Cerebrovascular and ischemic cardiovascular events, including events leading to death, occurred in patients receiving ERLEADA. Monitor for signs and symptoms of ischemic heart disease and cerebrovascular disorders. Optimize management of cardiovascular risk factors, such as hypertension, diabetes, or dyslipidemia. Consider discontinuation of ERLEADA for Grade 3 and 4 events.

Fractures — In a randomized study (SPARTAN) of patients with nmCRPC, fractures occurred in 12% of patients treated with ERLEADA and in 7% of patients treated with placebo. In a randomized study (TITAN) of patients with mCSPC, fractures occurred in 9% of patients treated with ERLEADA and in 6% of patients treated with placebo. Evaluate patients for fracture risk. Monitor and manage patients at risk for fractures according to established treatment guidelines and consider use of bone-targeted agents.

Falls — In a randomized study (SPARTAN), falls occurred in 16% of patients treated with ERLEADA compared with 9% of patients treated with placebo. Falls were not associated with loss of consciousness or seizure. Falls occurred in patients receiving ERLEADA with increased frequency in the elderly. Evaluate patients for fall risk.

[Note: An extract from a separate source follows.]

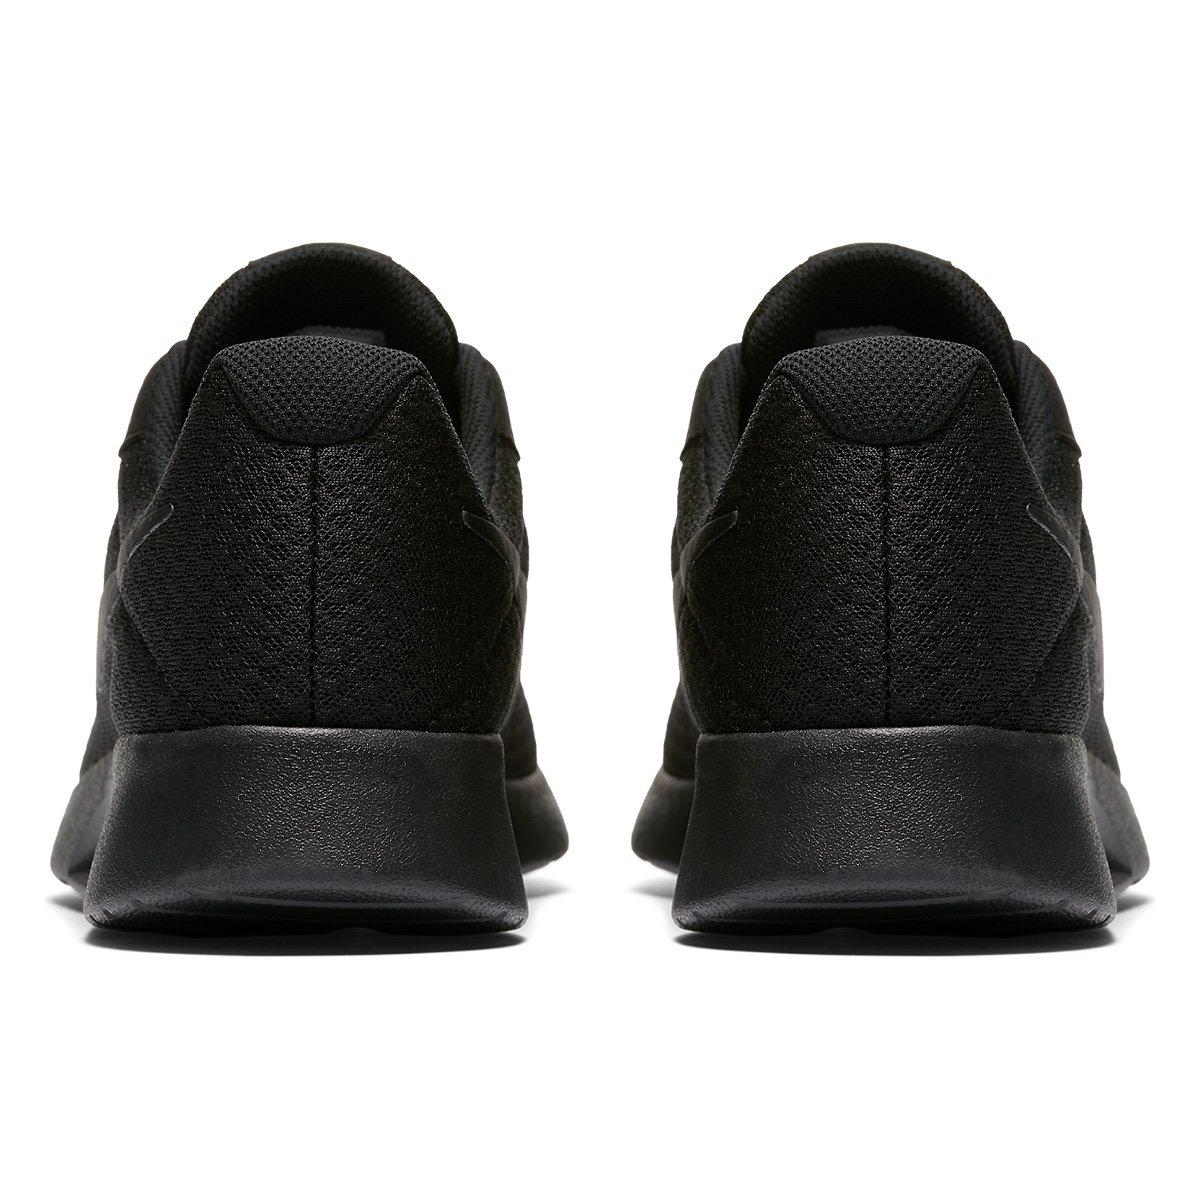 Tênis Nike Tanjun Masculino - Preto - Compre Agora  5cd0029352a80

Seizure — In two randomized studies (SPARTAN and TITAN), 5 patients (0.4%) treated with ERLEADA and 1 patient treated with placebo (0.1%) experienced a seizure. Permanently discontinue ERLEADA in patients who develop a seizure during treatment. It is unknown whether anti-epileptic medications will prevent seizures with ERLEADA. Advise patients of the risk of developing a seizure while receiving ERLEADA and of engaging in any activity where sudden loss of consciousness could cause harm to themselves or others.

Severe Cutaneous Adverse Reactions — Fatal and life-threatening cases of severe cutaneous adverse reactions (SCARs), including Stevens-Johnson syndrome/toxic epidermal necrolysis (SJS/TEN), and drug reaction with eosinophilia and systemic symptoms (DRESS) occurred in patients receiving ERLEADA.

Monitor patients for the development of SCARs. Advise patients of the signs and symptoms of SCARs (e.g., a prodrome of fever, flu-like symptoms, mucosal lesions, progressive skin rash, or lymphadenopathy). If a SCAR is suspected, interrupt ERLEADA until the etiology of the reaction has been determined. Consultation with a dermatologist is recommended. If a SCAR is confirmed, or for other Grade 4 skin reactions, permanently discontinue ERLEADA [see Dosage and Administration (2.2)].

Interstitial Lung Disease (ILD)/Pneumonitis — Fatal and life-threatening interstitial lung disease (ILD) or pneumonitis can occur in patients treated with ERLEADA.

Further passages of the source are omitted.